For further evaluation, we also compute the receiver operating characteristic (ROC) curve, sum up the ROC curve in a numerical way, and calculate the area under the ROC curve (AUC). We compute the precision-recall (PR) curve and calculate the area under the PR curve (AUPR).

4 Results and Discussion

4.1 Five-Fold Cross-Validation on SCMFDD-S Dataset

We performed five-fold cross-validation on the SCMFDD-S data set to evaluate the performance of Node2Bio in predicting drug-disease association [38]. The process of cross-validation is to divide the data set into five equal parts, select a different set as the test set each time, and the remaining four sets as the training set, and repeat the experiment five times [39]. Node2Bio yielded an average accuracy of 77.42%, sensitivity of 75.25%, specificity of 79.59%, precision of 78.67%, Matthews correlation coefficient of 54.90% and AUC of 85.69% with standard deviations of 0.24%, 1.01%, 0.74%, 0.41%, 0.46% and 0.12% [40]. To evaluate the performance of Node2Bio, we compare it to some related methods of NTSIM-C. The comparison method uses the same data set for five-fold cross-validation.
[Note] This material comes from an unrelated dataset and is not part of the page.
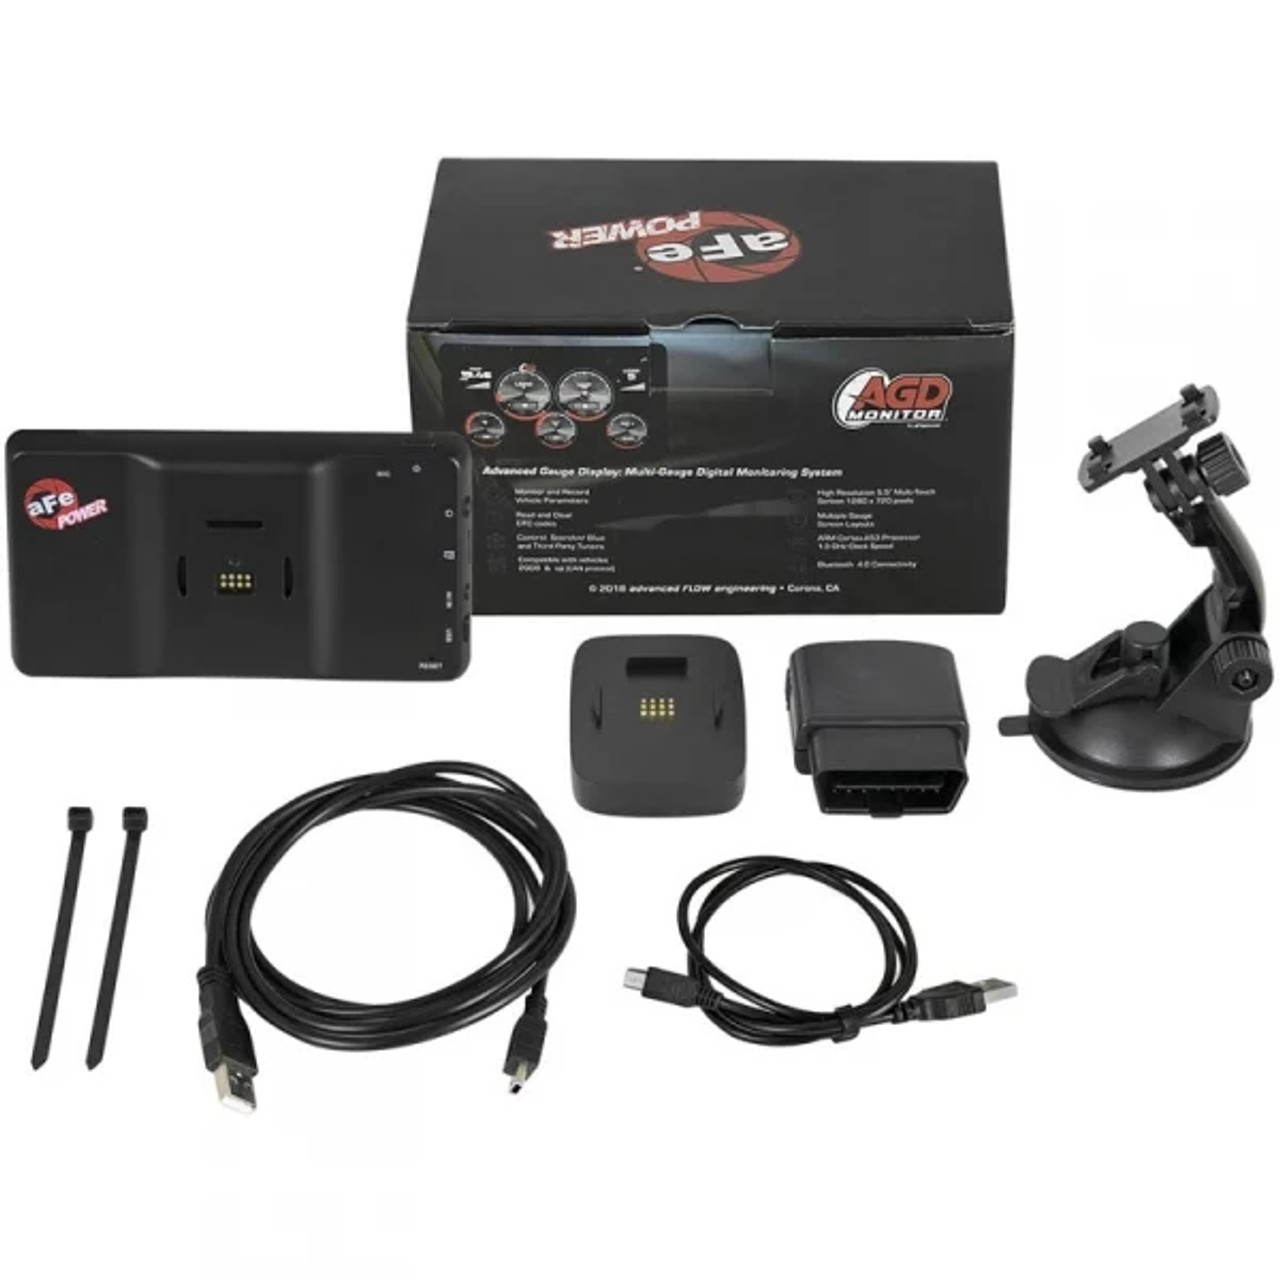 AFE AGD Advanced Gauge Display Monitor (See Vehicle Fitment) (AFE77-91001)-Kit View

The experimental results represented by AUC are shown in Table 1. The results from experiments demonstrate that the performance of Node2Bio is significantly better than the related methods of NTSIM-C. Unlike the comparison method, Node2Bio combines nine molecular associations and integrates related information from a cellular perspective to achieve significant predictive effects.

Table 1. AUC comparison of Node2Bio-based method with different methods

5 Conclusion

In this study, we proposed a computational method for predicting drug-disease associations using a highly efficient biomolecular network representation model. The proposed method leverages multiple types of relational data that are biologically associated and constructs a heterogeneous network on which a graph embedding technique, node2vec, is applied for feature extraction. Using the embedding feature as inputs, we adopted the XGboost algorithm to do classification for drug-disease association. The experimental results are the proposed method to be effective, robust and superior to existing methodologies. It is anticipated that the model we trained can be applied to predict drug effects on different kinds of diseases on a large scale.